RAFFLESINTERIOR(01376): The newly appointed chairman of the board, Zheng Nenghuan, plans to acquire 100% equity of Kunyuan Assets. Trading will resume on November 11th.
RAFFLESINTERIOR (01376) issues announcement that on November 3, 2025, this announcement...
Raffles Interior (01376) announced that on November 3, 2025, the new Chairman and Executive Director of the Board, Mr. Zheng Nenghuan, entered into a sales agreement (Sales Agreement) with China Kinhong Holdings Limited (Seller) involving the acquisition of 100% equity of Kunyuan Assets Limited (Target Company). This may constitute a very significant acquisition for the company (and a potential connected transaction (subject to further verification of information)). Following instructions from Mr. Zheng Nenghuan through his lawyer, trading of the company's shares will be suspended from November 4, 2025, at 9 am, pending the announcement of the acquisition.
The Sales Agreement shows that the Target Company is a company registered in Hong Kong and holds 100% of the share capital of Shenzhen Jin Xu Technology Co., Ltd., which is registered in Shenzhen and holds the land use rights of parcel G122040134 located to the north of the west section of Jinniu West Road, Shenzhen. The Target Company is 100% owned by the Seller, and the signatory of the Sales Agreement is Ms. Tang Judi. According to the Sales Agreement, the director of the Target Company is Ms. Tang Judi. As shown on page 22 of the joint announcement of the mandatory unconditional general offer dated August 7, 2025, Ms. Tang Judi is the spouse of Mr. Zheng Nenghuan and a shareholder holding 30% of the offeror's equity under the mandatory general offer. The total consideration for the acquisition is HKD 300 million, and the completion of the acquisition is subject to conditions including obtaining shareholder approval through a special general meeting.

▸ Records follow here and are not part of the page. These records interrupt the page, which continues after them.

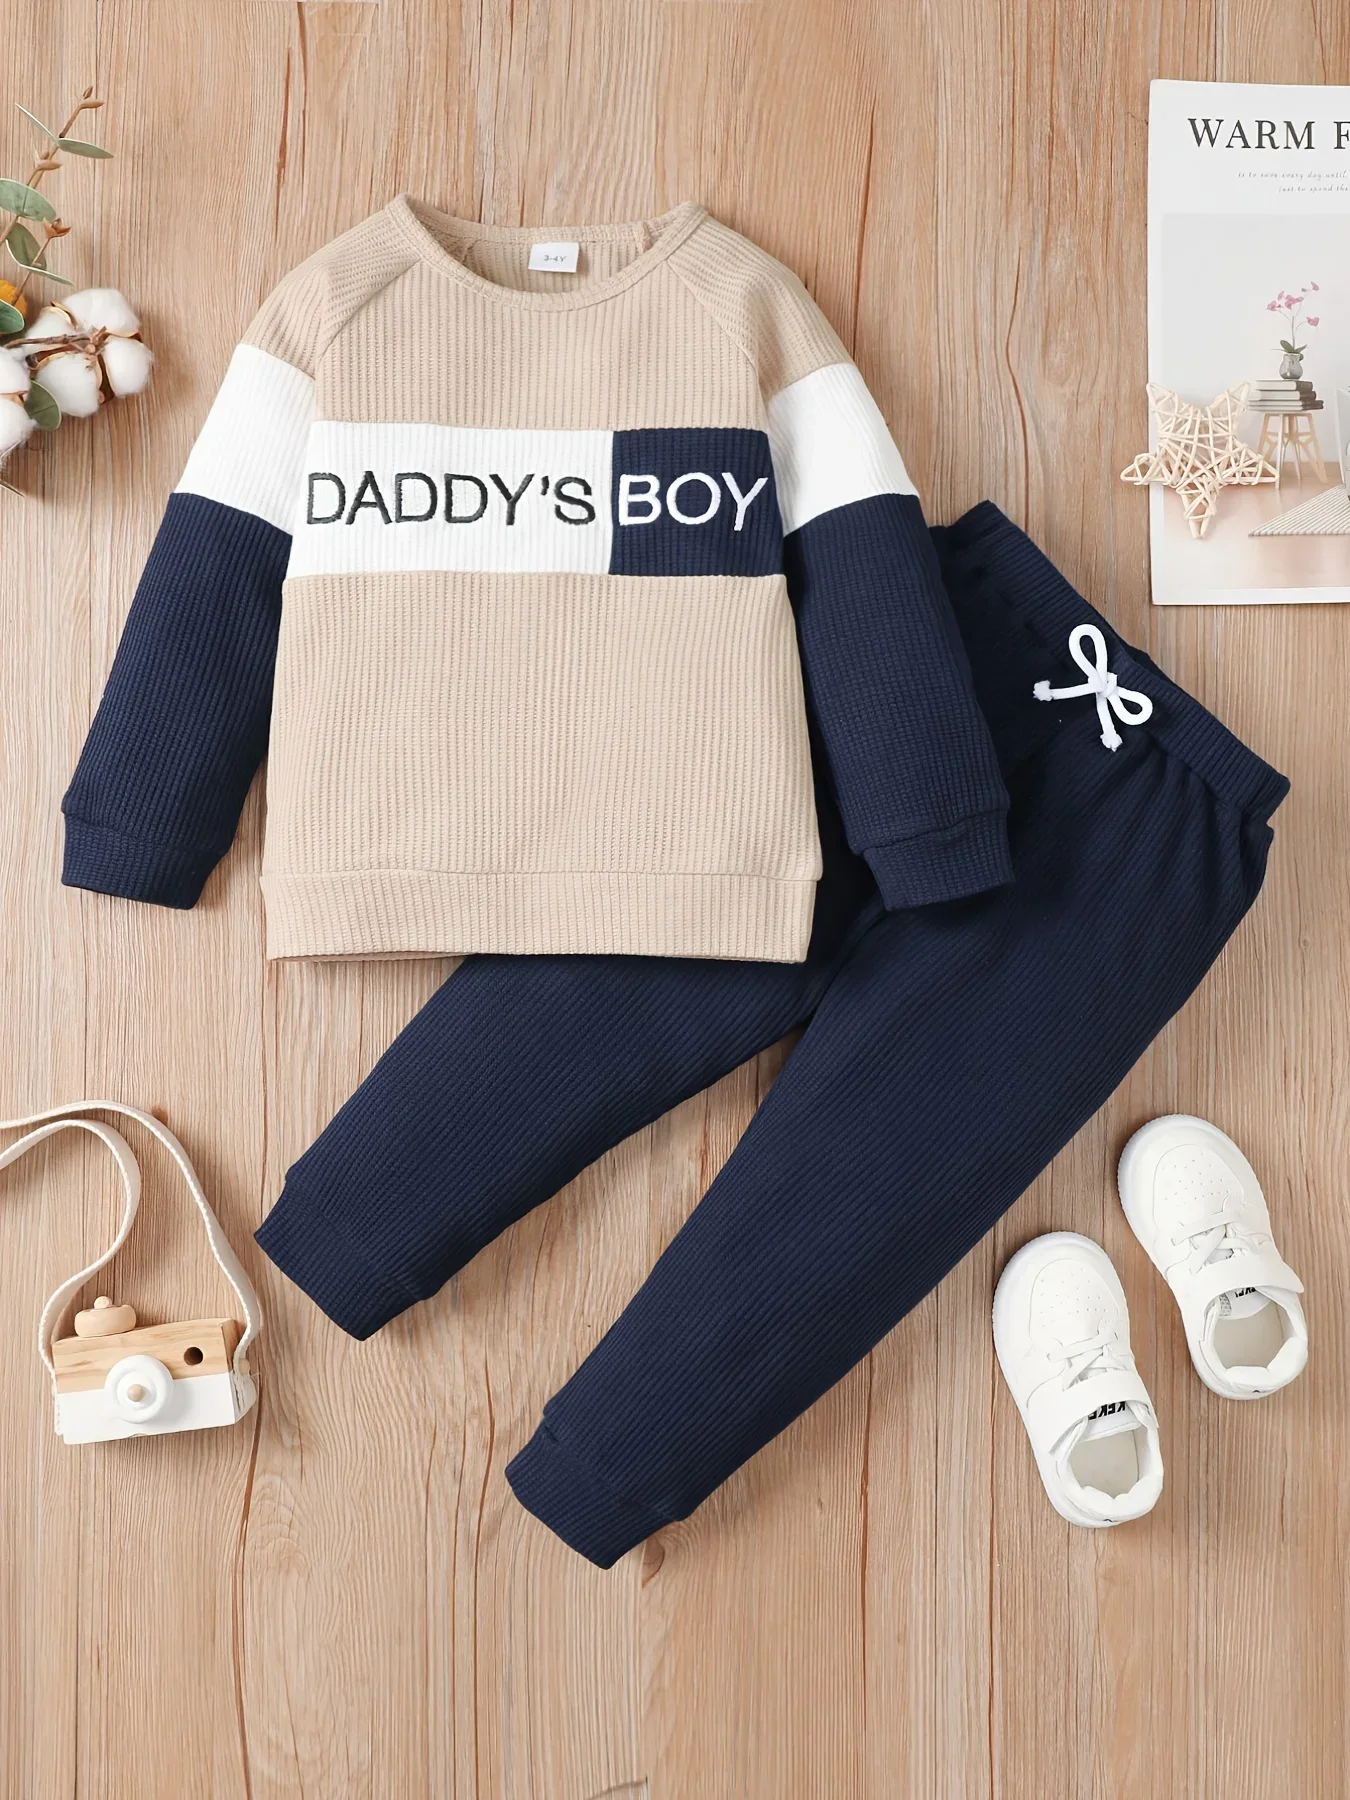 2PCS Casual Clothes Set Kids Boy Color Block Long Sleeve Top+Pant Spring&Autumn Clothing Outfit for Children Boy 1-4Years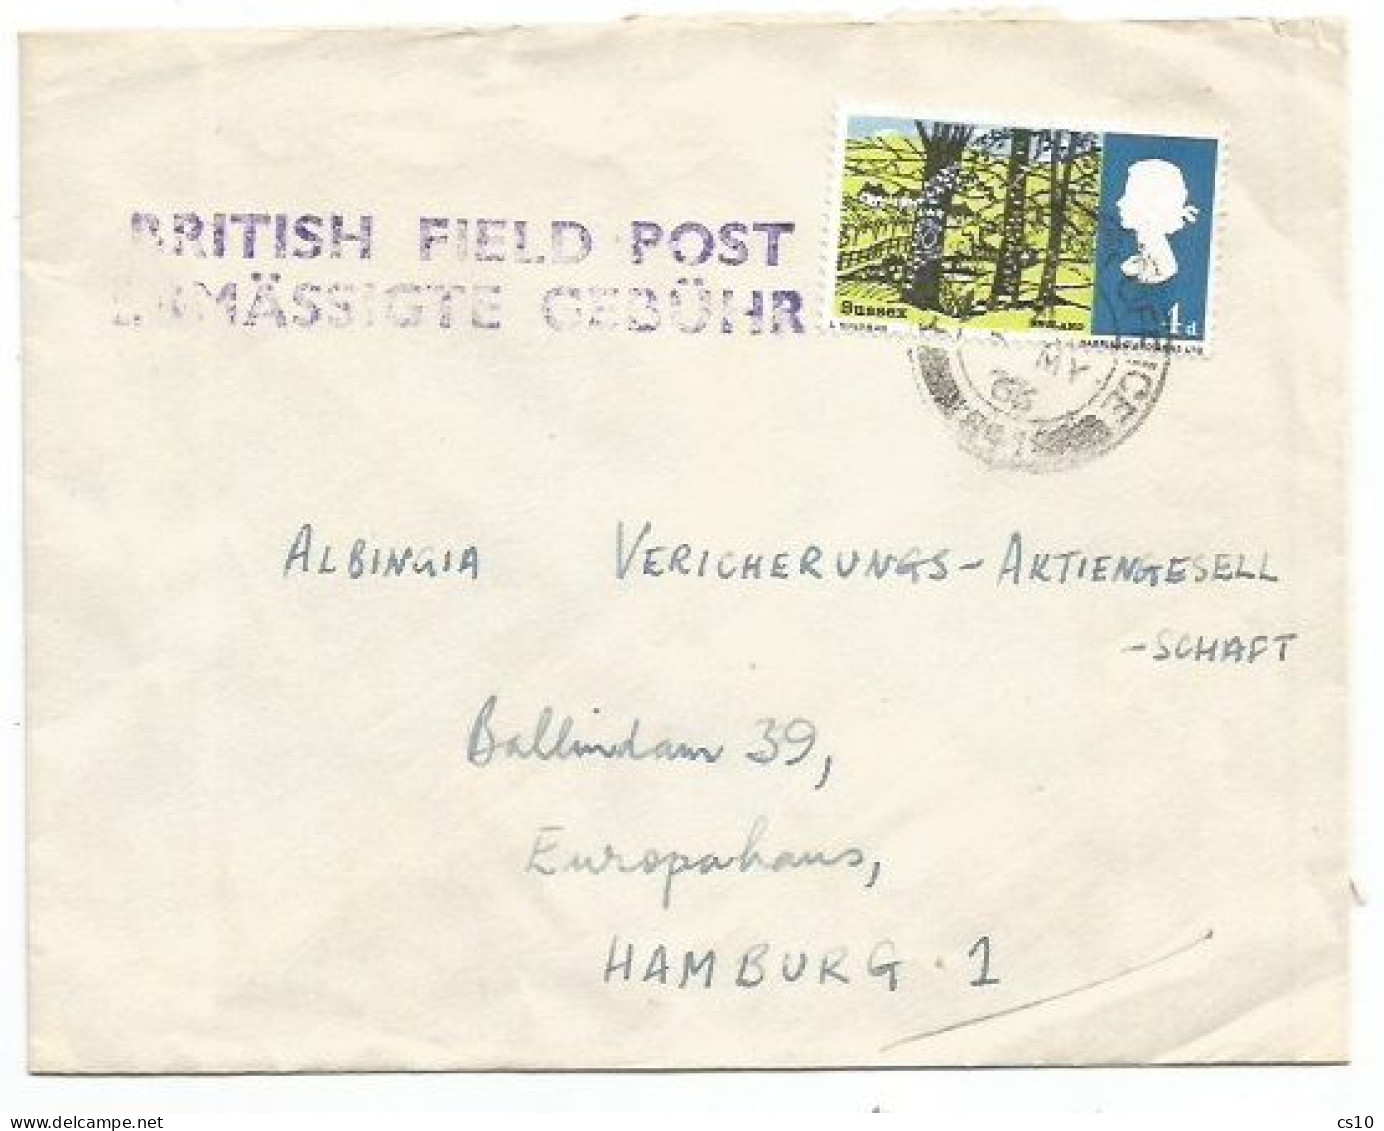 UK Britain FPO #891 Cover Germany To Hamburg With Sussex 4d Solo Franking - Covers & Documents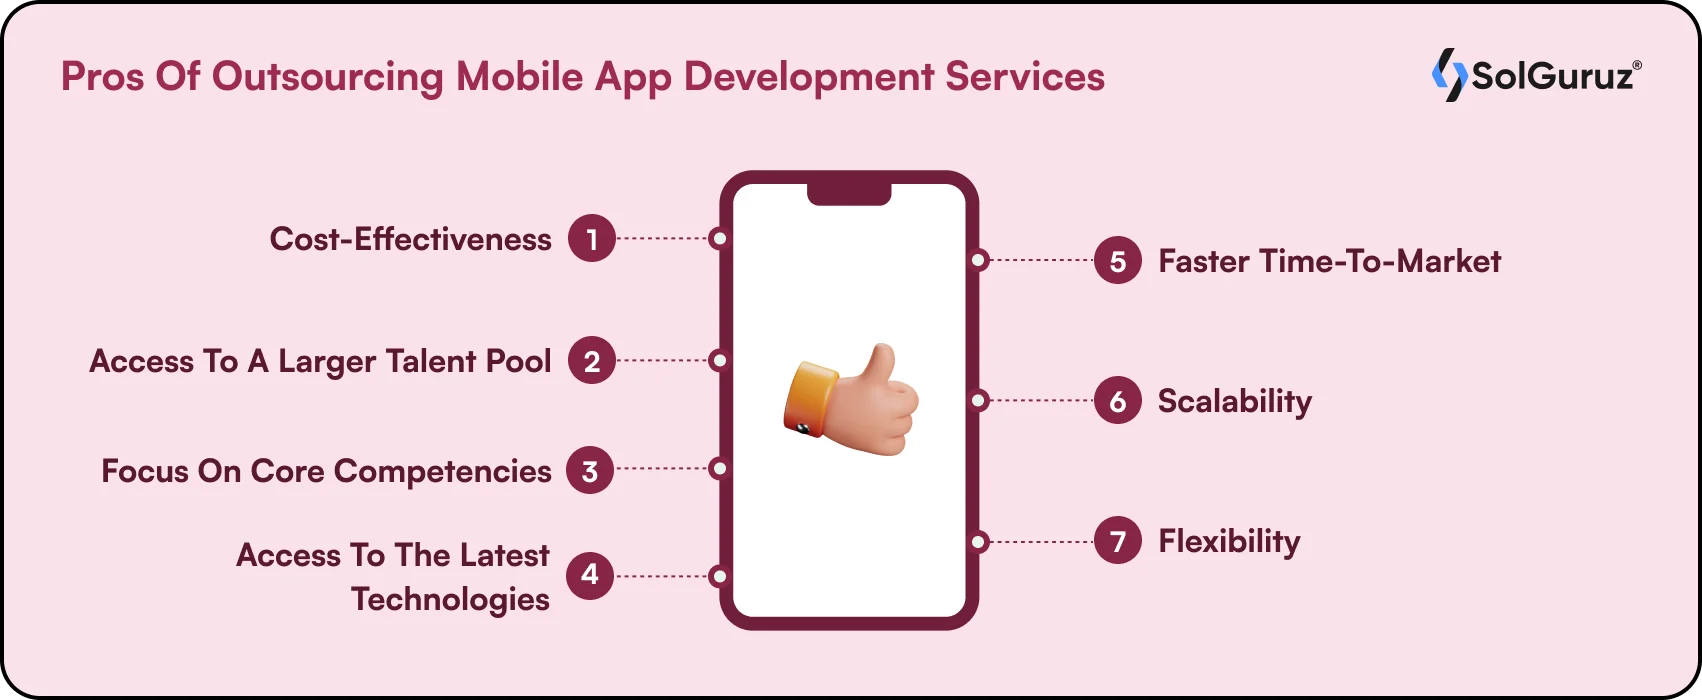 Pros Of Outsourcing Mobile App Development Services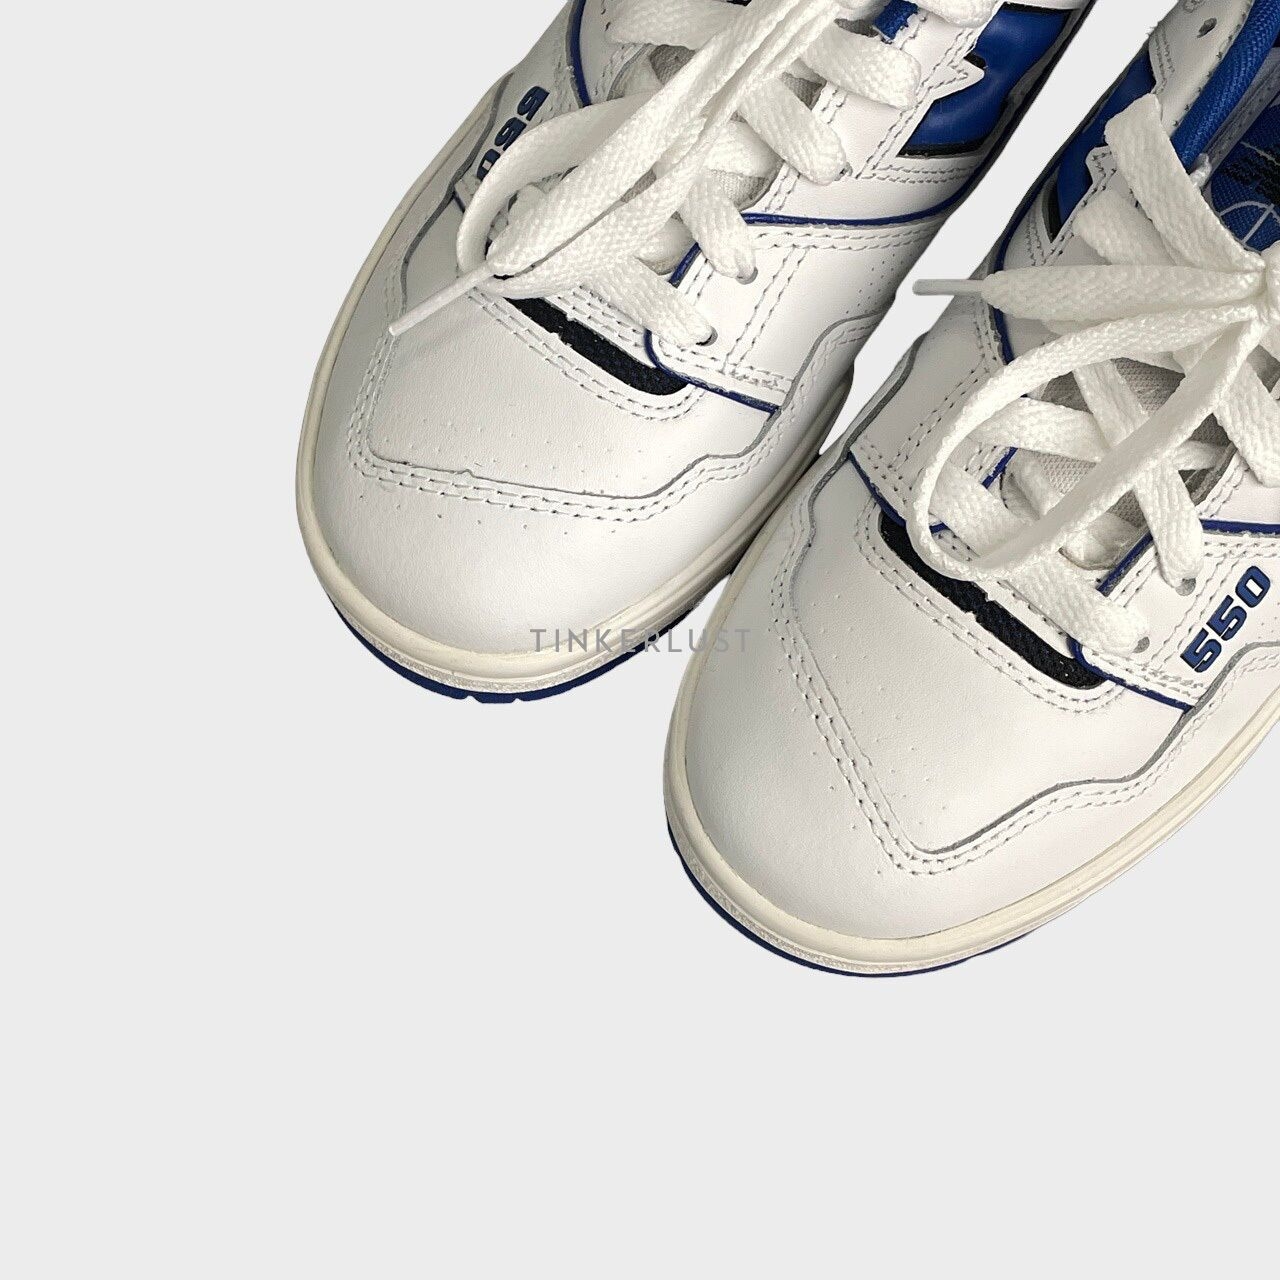 New Balance Blue & White Sneakers

Since trading was suspended on November 4, 2025, the Board has deliberated on the merits, feasibility, and legality of the acquisition (including the issuance of the trading suspension instruction on November 4, 2025). Board members hold different views on the Sales Agreement, including Mr. Zheng Nenghuan's unauthorized signing and execution of the Sales Agreement without proper authorization from the Board, whether to ratify the Sales Agreement, whether to approve the acquisition, and whether the internal control procedures regarding the signing of agreements and entering into transactions requiring disclosure have been complied with. The Board particularly considered that the company currently lacks the financial capacity to pay the cash consideration for the acquisition, and the acquisition may be viewed by the Stock Exchange as a reverse takeover action. The discussions led to differing opinions among Board members on whether accepting the acquisition (in terms of form and content as orally presented by Mr. Zheng Nenghuan to the Board) is in the overall best interests of the company and its shareholders. Apart from Mr. Zheng Nenghuan, no other Board members authorized or approved him to enter into the Sales Agreement or instructed the Stock Exchange to suspend trading of the company's shares. Therefore, after thorough consideration, the Board voted against the trading suspension instruction and entering into the Sales Agreement in its current form. The Board currently has no intention to proceed with the acquisition.
The company has applied to the Stock Exchange for the resumption of trading of the company's shares on the Stock Exchange from 9 am on November 11, 2025.